Я, надо полагать, лишился чувств, поскольку это все, что осталось у меня в памяти. Затем, пребывая в полубессознательном состоянии, я смутно слышал каких-то женщин, ощущал руки, втирающие в меня что-то – какой-то жир или масло, как показалось мне. Мне дали выпить чего-то, и боль в голове отступила. Потом помню, как лежу в викупе, а какая-то грязная старуха пихает мне в рот месиво из мяса и кукурузы. А вот меня тащат на носилках, сквозь ветви деревьев мелькает небо. Но ярче всего отложились у меня дьявольские кошмары. Вот я свисаю над костром, а следующую минуту уже лечу головой вниз в ледяную бездну колодца в Йотунберге, а в ушах раздается смех Руди Штарнберга. Сквозь воду ко мне подступают лица женщин: Элспет – в обрамлении золотистых волос, милое и улыбающееся; Лолы – с сонными глазами и приоткрытыми в насмешке губами; Клеонии – бледное и прекрасное. Оно приближается, тихо напевая «Oh-ho-ho, avec mes sabots!»

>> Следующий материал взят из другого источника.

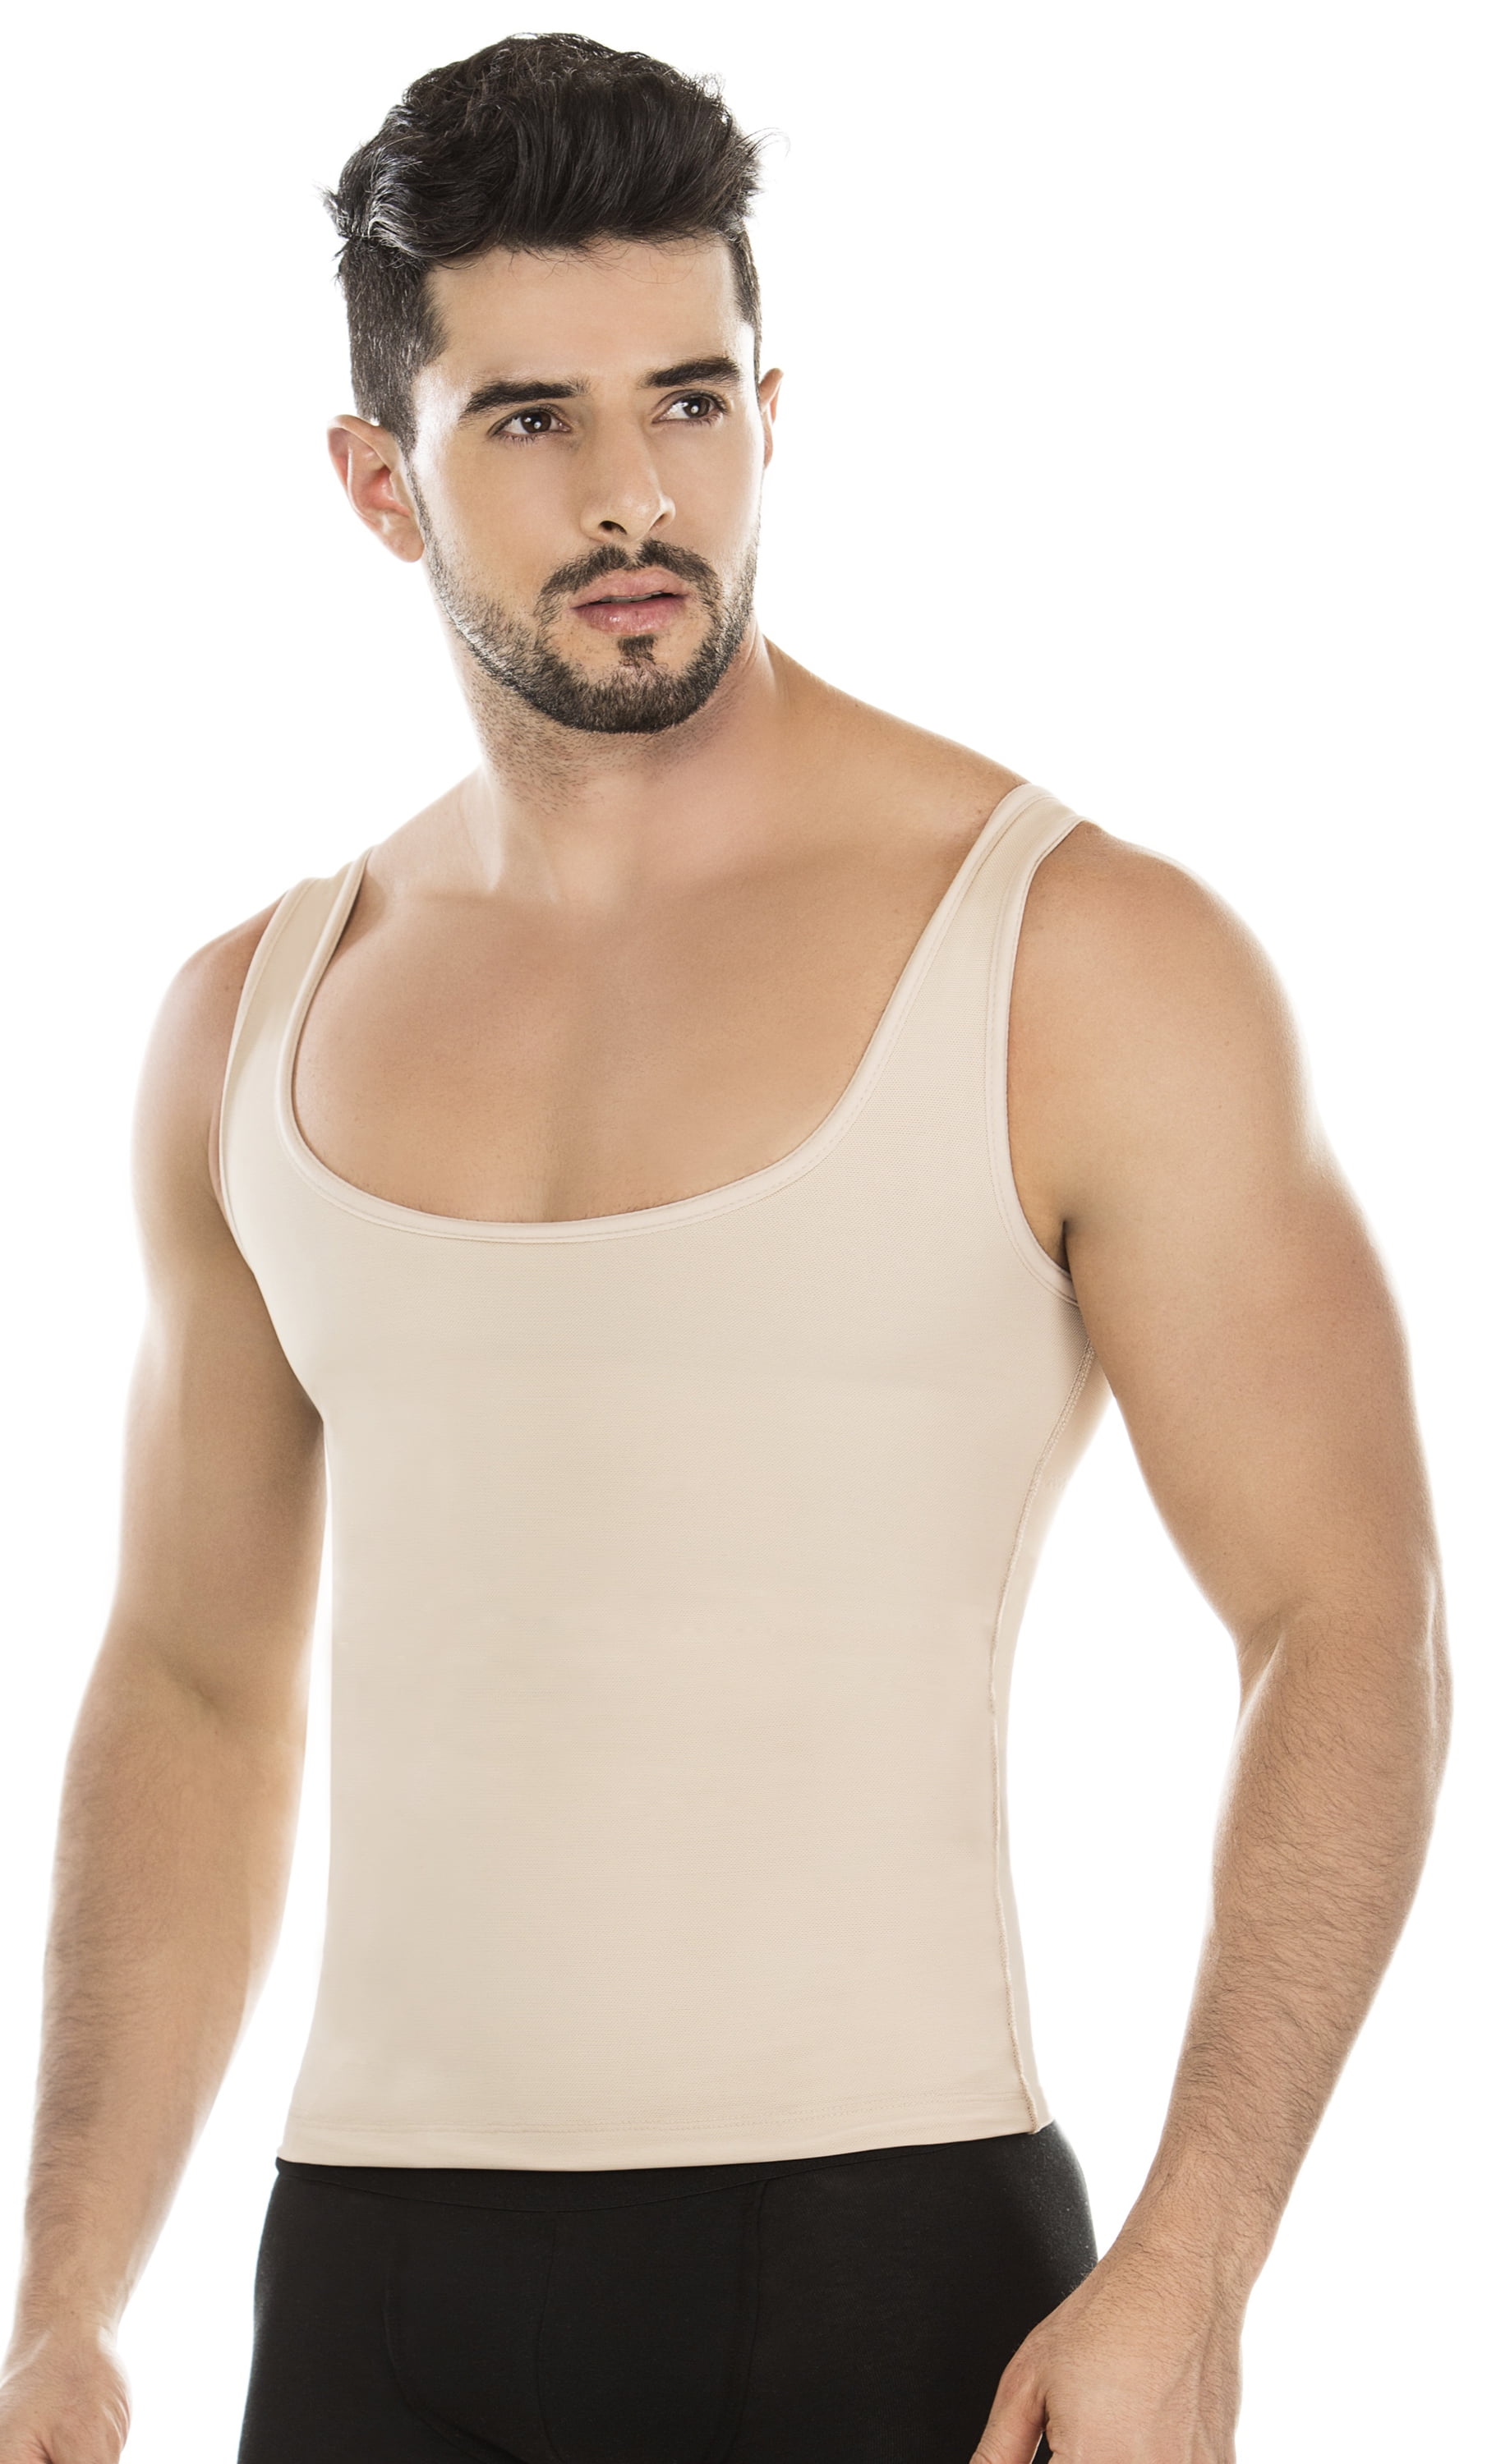 Underwear Shapewear Fajas Colombianas-Body Suit for men Compression Shirt  Seamless Firms up the Chest Back Pain Relief Abdomen Trimmer Corrects  Posture Fajas Colombianas para hombres reductoras y moldea

[138], и вдруг это уже Сьюзи, которая торомошит, ласкает и милует меня, что было бы очень даже приятно, не виси мы вниз головами в окружении спорящих по-испански парней. Среди них Арнольд, который твердит, что всем охотникам за скальпами в Рагби превосходно известно, что герундий является прилагательным в форме страдательного залога. Черити Спринг орет, что, дескать, есть один, который об этом не знает, и этот неблагодарный сукин сын подвешен вместе со своей жирной шлюхой за пятки, и самое время ему умереть. Арнольд в ответ трясет головой и голос его разносится далеко-далеко: «Боюсь, капитан, нам не удалось…». Пухлое, радостное лицо Сьюзи начинает отдаляться, кожа темнеет, сияющие зеленые глаза становятся совсем другими, темными и блестящими, они глядят на меня из-под раскосых век, в которых есть что-то восточное. Глаза прекрасные, похожие на два жидких бриллианта, они смотрят внимательно, впитывая все, что видят. «Кто бы ты ни была, – думаю я, – тебе нет необходимости говорить…»

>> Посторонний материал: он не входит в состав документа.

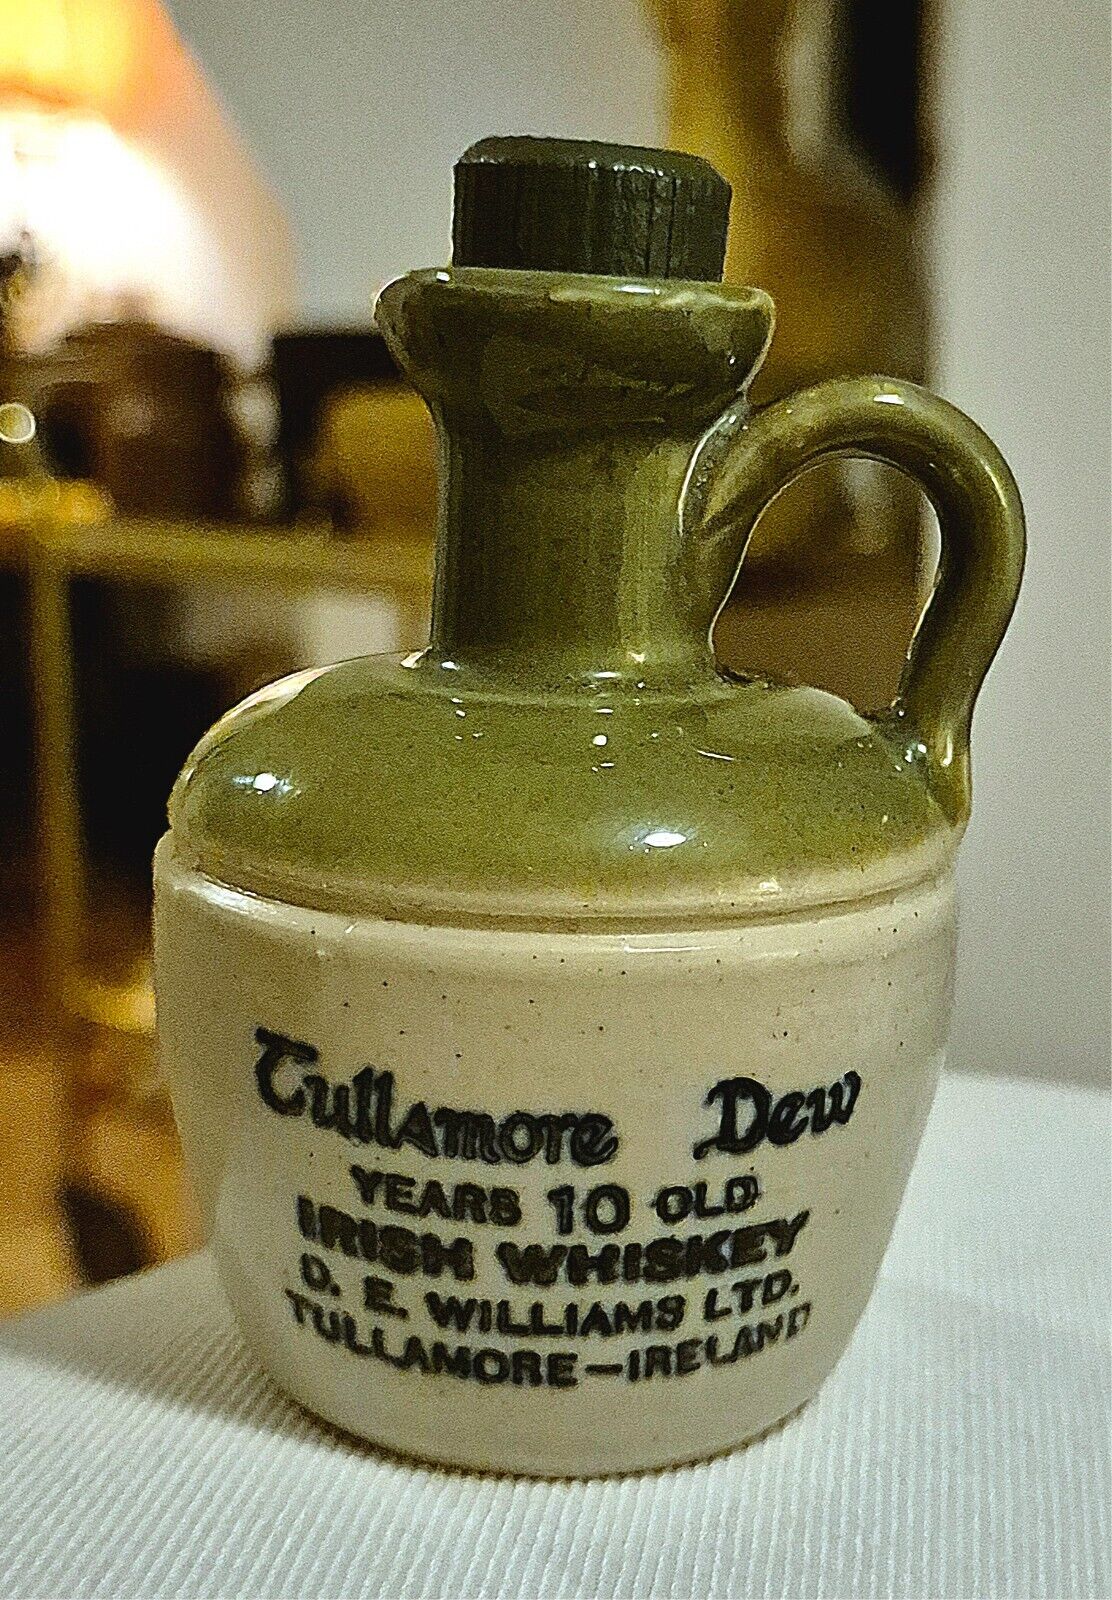 Very Rare Tullamore Dew small vintage bottle.

… Надо мной, глядя сверху вниз, стояла скуластая девушка-индианка. Я лежал в викупе, накрытый одеялом, и пережитый в сновидениях кошмар обратился вдруг в реальность с ударом ноги, обрушившимся под ребра. Нога принадлежала одному из самых уродливых дьяволов, что мне доводилось видеть: молодой апач в кожаной повязке и леггинах, на плечи накинута грязная куртка, сальные волосы перехвачены на лбу лентой, обрамляющей лицо, какие увидишь только в комнате страха. Даже для апача он был уродом: злые угольки глаз, крючковатый нос, узкая жестокая щель рта, не смягчившаяся, даже когда он рассмеялся, широко разинув рот и обнажив кривые зубы.
– Поднимайся, перро! Пес! Гринго! Пинда-ликойе!
Если бы вы сказали мне тогда, что этот монстр станет в один прекрасный день самым ужасным индейцем всех времен и народов, кошмаром половины континента, я бы вам поверил; а вот если бы сказали, что он сделается однажды лучшим моим другом среди индейцев – ни за что не поверил бы. Но в обоих случаях вы были бы правы, причем до сих пор – сейчас он уже дряхлый старик, и когда мы встречались в прошлом году, мне пришлось придерживать его при ходьбе, но по сей день в долине Дель-Норте матери пугают его именем детей, а что до дружбы, то, как говорится, подлец подлеца… К тому же мы ныне уже единственные такие, оставшиеся от тех времен. Но при первой нашей встрече он едва не отбил мне все на свете, и я был чертовски рад, когда девушка успела закричать прежде, чем апач нанес следующий удар.
– Прекрати, Раззява! Не тронь его!
– С какой стати? Мне нравится! – снова гоготнул красавчик, распахнув пасть; но сдался и отошел, что было хорошо вдвойне, так как вонял он, как козел на церковных хорах.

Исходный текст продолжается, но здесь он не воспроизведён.